_WHAT IS NEEDED:_ Output each line of the data below exactly, omitting any image.

_THE DATA:_
======
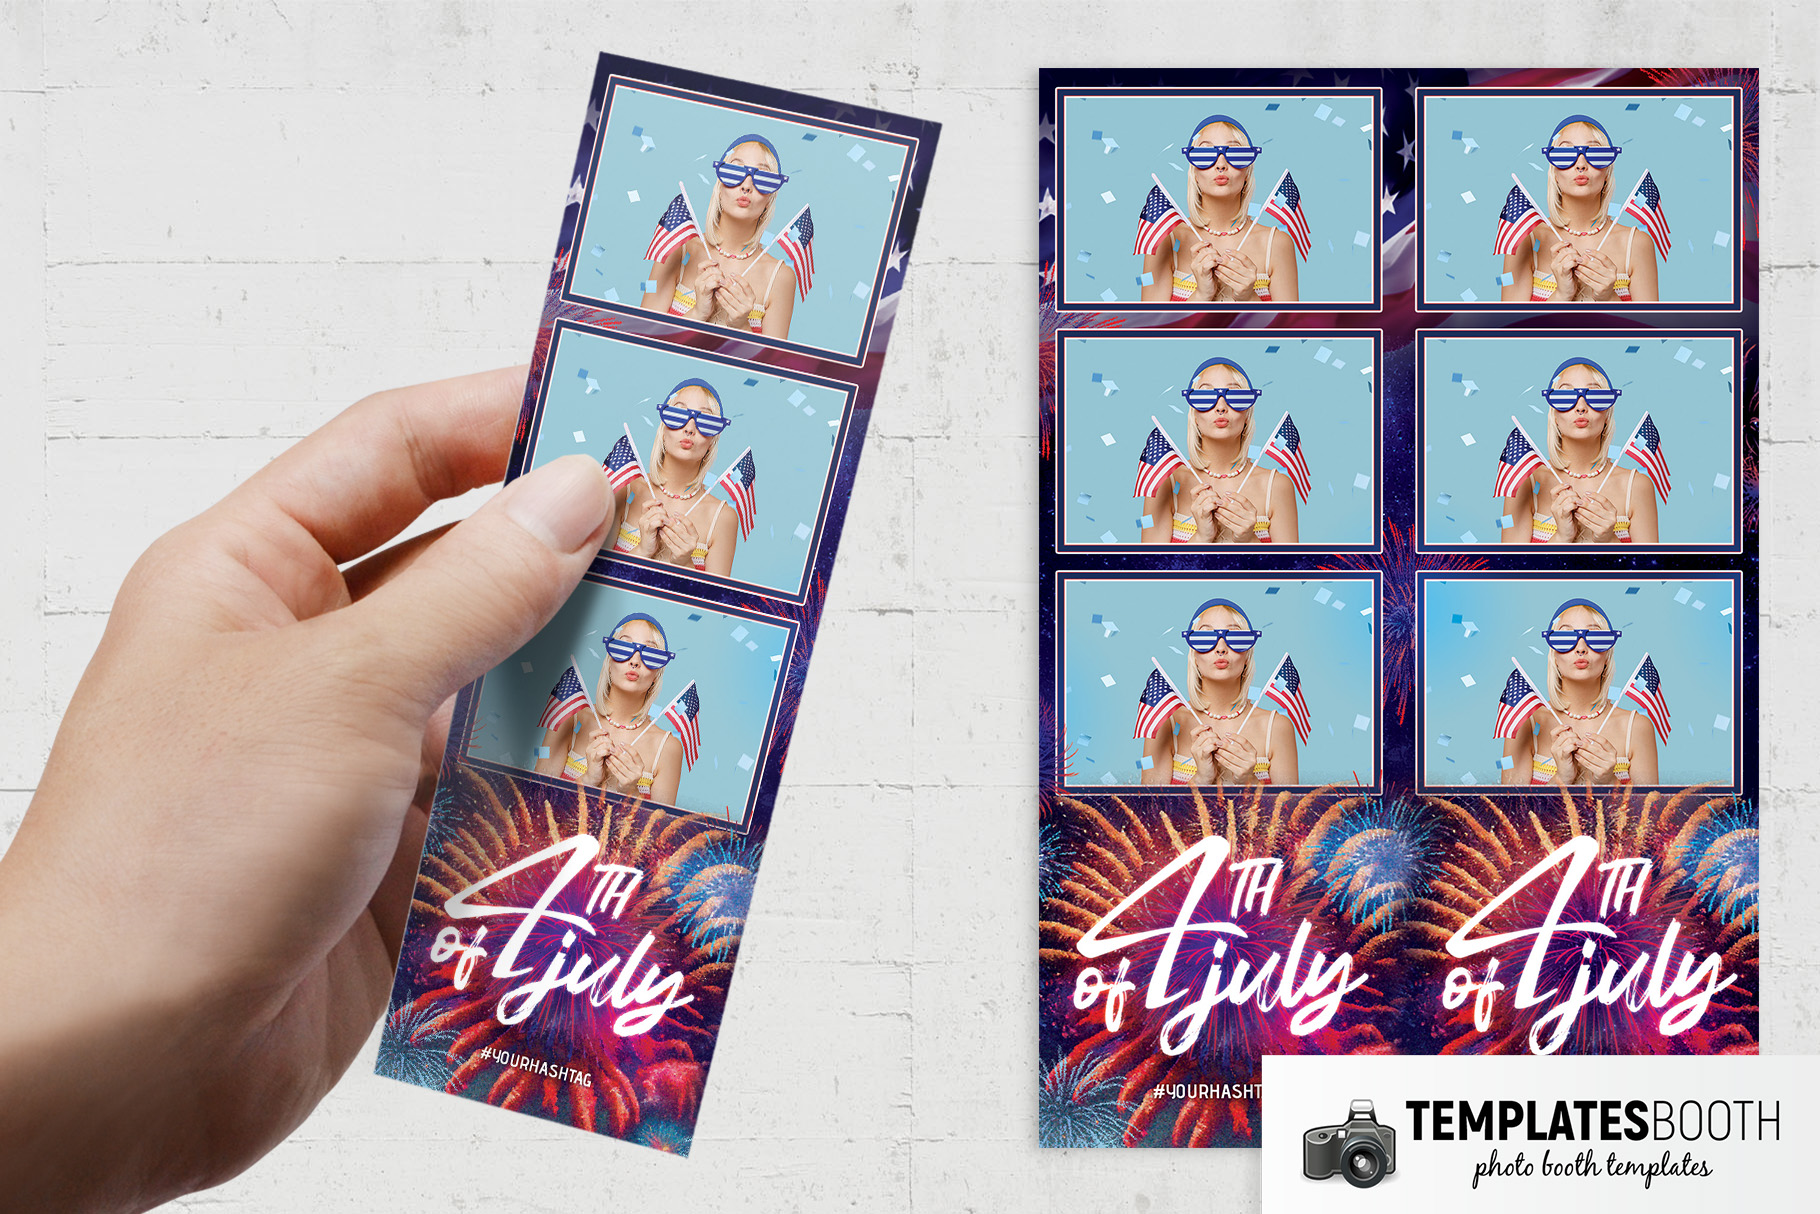 4th July Fireworks Photo Booth Template
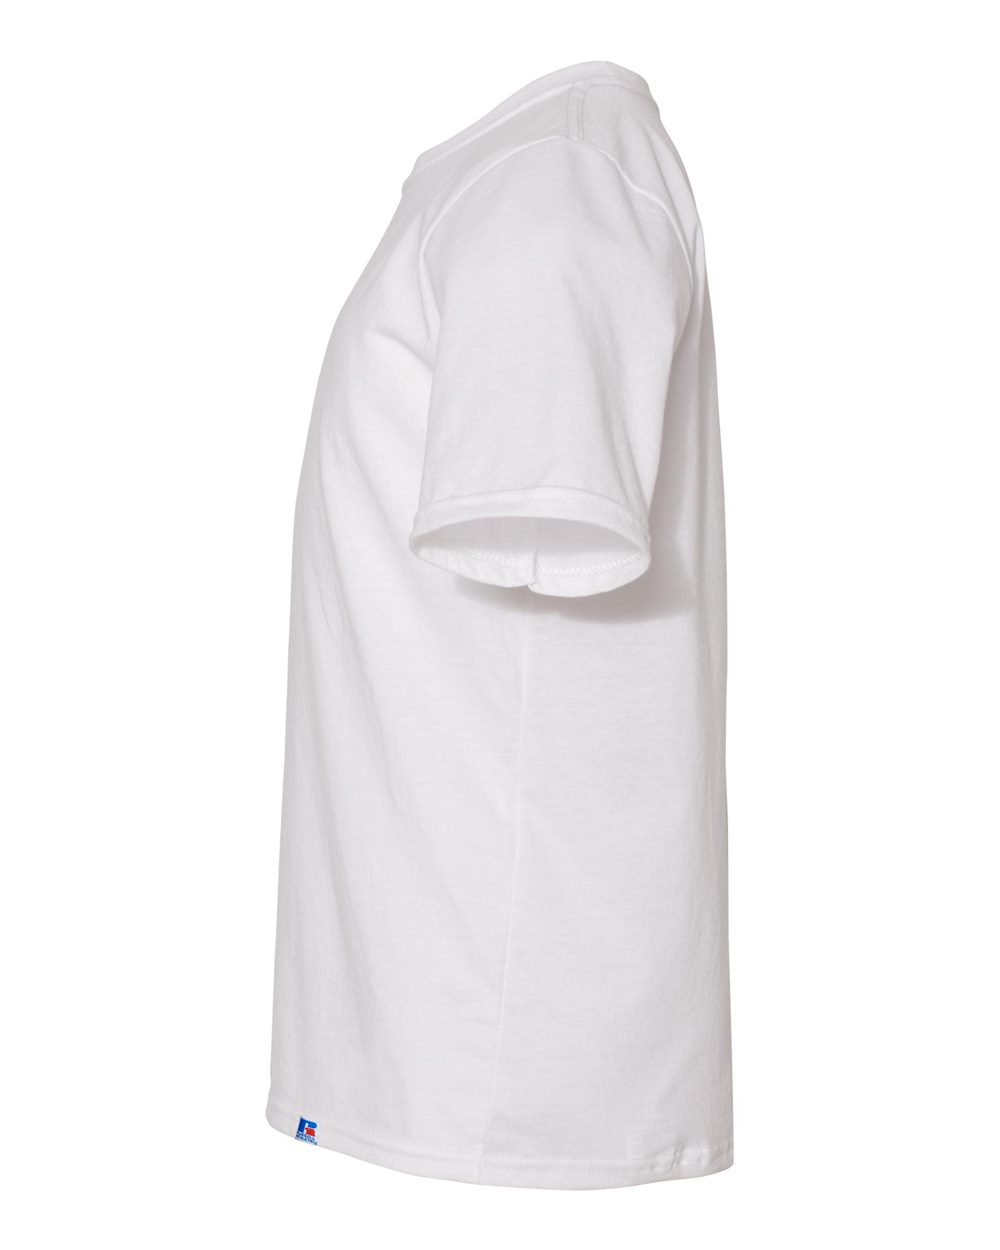 Russell Athletic Kids' Shirt - White
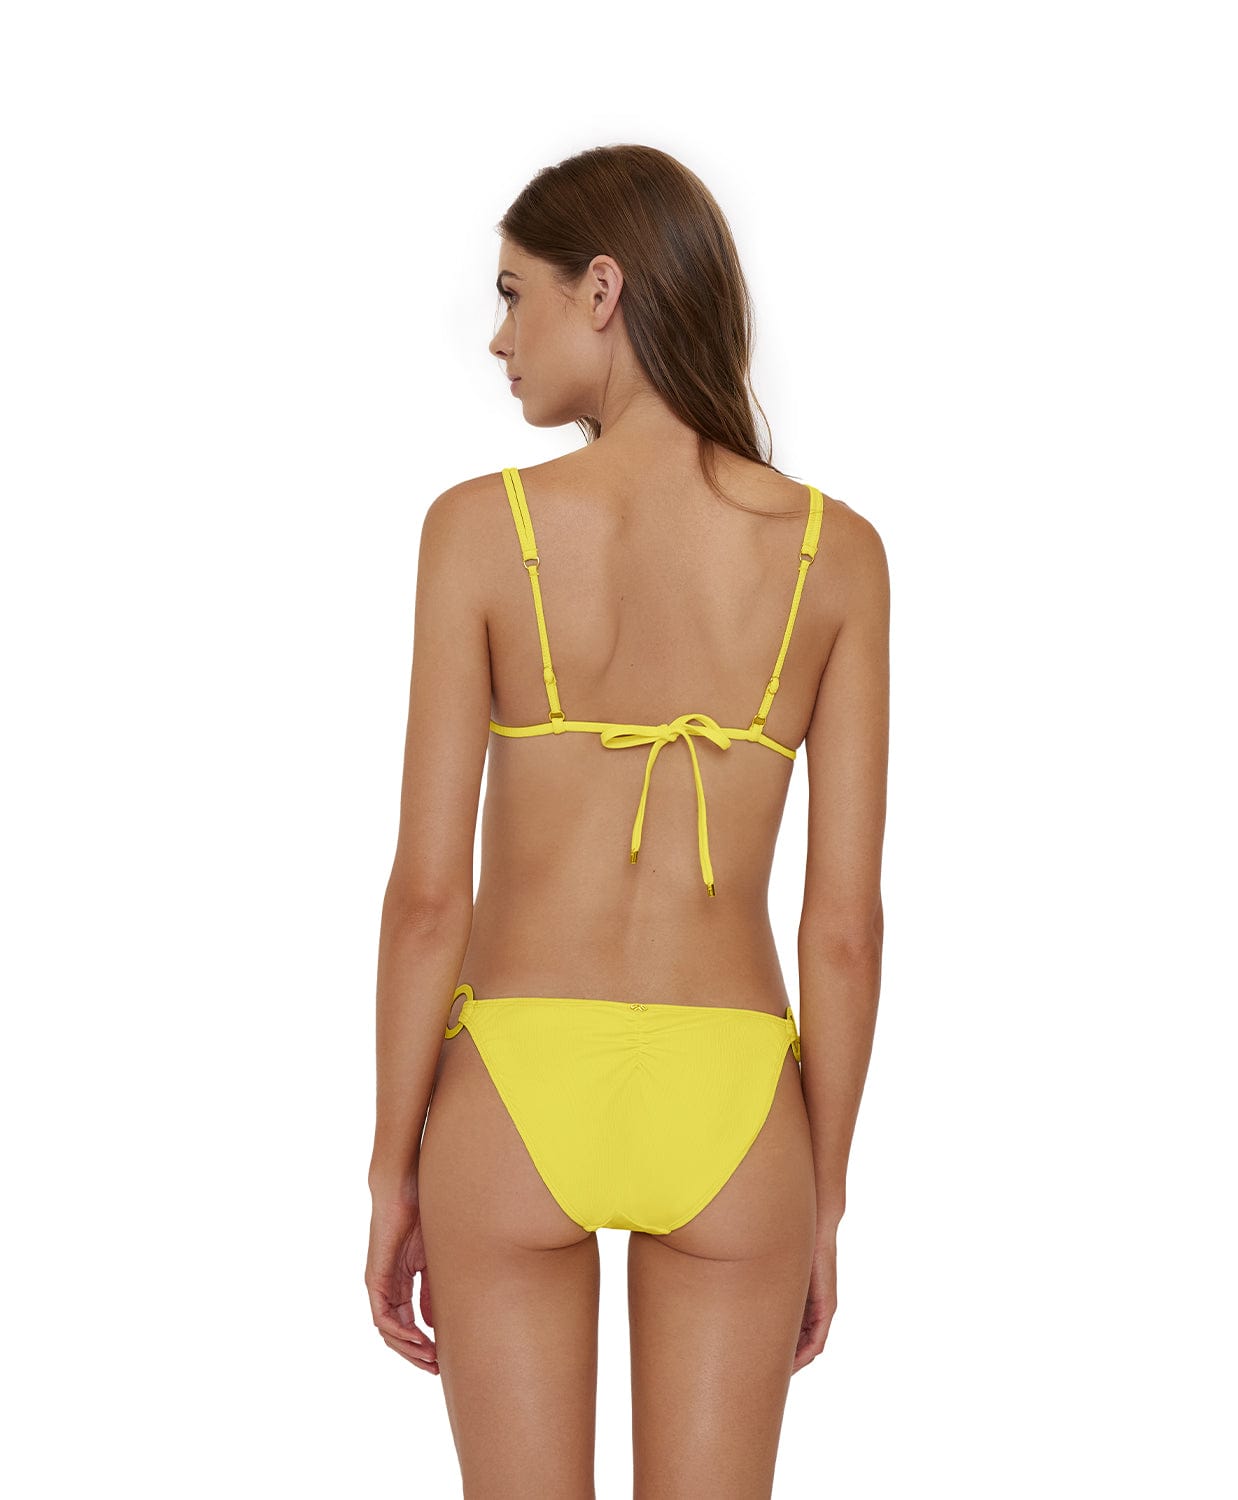 Lace Lingerie In Wear — YELLOW SUB TRADING
======
_TASK RESPONSE:_
 4th July Fireworks Photo Booth Template
 Russell Athletic Kids' Shirt - White
 Lace Lingerie In Wear — YELLOW SUB TRADING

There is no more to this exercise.